Sure, corporations may start programs that make it seem like they’re helping out, but when you’re a multi-billion dollar corporation, pledging a few million dollars is couch cushion change. If they were honest, the money wouldn’t be called “donations,” but “here, now shut up” money.

Regular citizens do the same thing. On Twitter, you’ll find a plethora of accounts with the Ukrainian flag emoji somewhere in the bio. They support Ukraine’s war and believe that the U.S. should do whatever it can to help in the effort to defend itself from Russia! However, if you were to show up at their door and ask them to give a huge portion of their property to the war effort or ask them to take up arms and fight Russia alongside the Ukrainians, they’d immediately decline. They don’t want to actually support the war effort, they just want to be seen cheering it on.

The same can be said of celebrities who denounce and insult Republicans or Americans who don’t agree with one issue or another. For instance, how many celebrities badmouthed Trump about the way he allegedly treated illegal migrants? What about those kids in the cages? Not one of those celebrities would have taken any of these people into their own homes. When confronted with that prospect, they go silent as the grave.

But they should be pressured to put their money where their mouth is anytime they open it, and I can’t think of a more perfect place to start than with the ultimate corporate virtue signalers that are Ben & Jerry’s Ice Cream.

Recently, Ben & Jerry’s celebrated July 4th by reminding everyone that we’re all horrible people because we’re celebrating our independence on stolen land. As Nick Arama reported, the backlash to the tweet was immediate and devastating. The Vermont-based company was confronted with the fact that their HQ is also on the land stolen from the Abenaki people.

As Newsweek recently reported, after hearing that the company was all about returning stolen land, the Abenaki people notified the ice cream corporation (owned by Unilever) that they would like their land returned:

Don Stevens, chief of the Nulhegan Band of The Coosuk Abenaki Nation—one of four descended from the Abenaki that are recognized in Vermont—told Newsweek it was “always interested in reclaiming the stewardship of our lands,” but that the company had yet to approach them.

“We are always interested in reclaiming the stewardship of our lands throughout our traditional territories and providing opportunities to uplift our communities,” Stevens said when asked about whether the Nulhegan Abenaki Tribe would want to see the property handed over to Indigenous people.

While the chief said that the tribe “has not been approached in regards to any land back opportunities from Ben & Jerry’s,” he added: “If and when we are approached, many conversations and discussions will need to take place to determine the best path forward for all involved.”

As of this writing, Ben and Jerry’s has not issued any statements about this request from the Abenaki Nation, nor have they acknowledged the backlash regarding the discovery of their hypocrisy.

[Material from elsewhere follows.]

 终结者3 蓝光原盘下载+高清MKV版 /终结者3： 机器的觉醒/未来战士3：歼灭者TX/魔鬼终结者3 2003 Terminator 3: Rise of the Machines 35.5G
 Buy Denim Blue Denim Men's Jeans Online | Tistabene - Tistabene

I wouldn’t hold my breath either. That July 4 post was a virtue signal and virtue signals aren’t about doing good, it’s about looking good. B&J isn’t likely to give up the land…but they should be pressured to. In fact, this should become the common response to anything they say or do.

New ice cream flavor? When are you giving your land back to the Abenaki Nation?

New tweet? When are you giving your land back to the Abenaki Nation?

New statement about something that happened in DC? When are you giving your land back to the Abenaki Nation? The pressure should be constant…as should the refusal to buy their ice cream.

To truly make a virtue signal expensive, it has to cost more than a few million dollars. It has to cost their image. Like Call of Duty, Bud Light, and Target, Ben & Jerry’s brand should get so wrapped up in this issue that their name is no longer synonymous with ice cream, but with the Abenaki Nation. No matter what they do, that hypocrisy is staring them directly in the face. It should be inescapable. They should wear this embarrassment wherever they go.

That’s how you truly make a virtue signal costly. Aim for their image and their bank account will fall with it.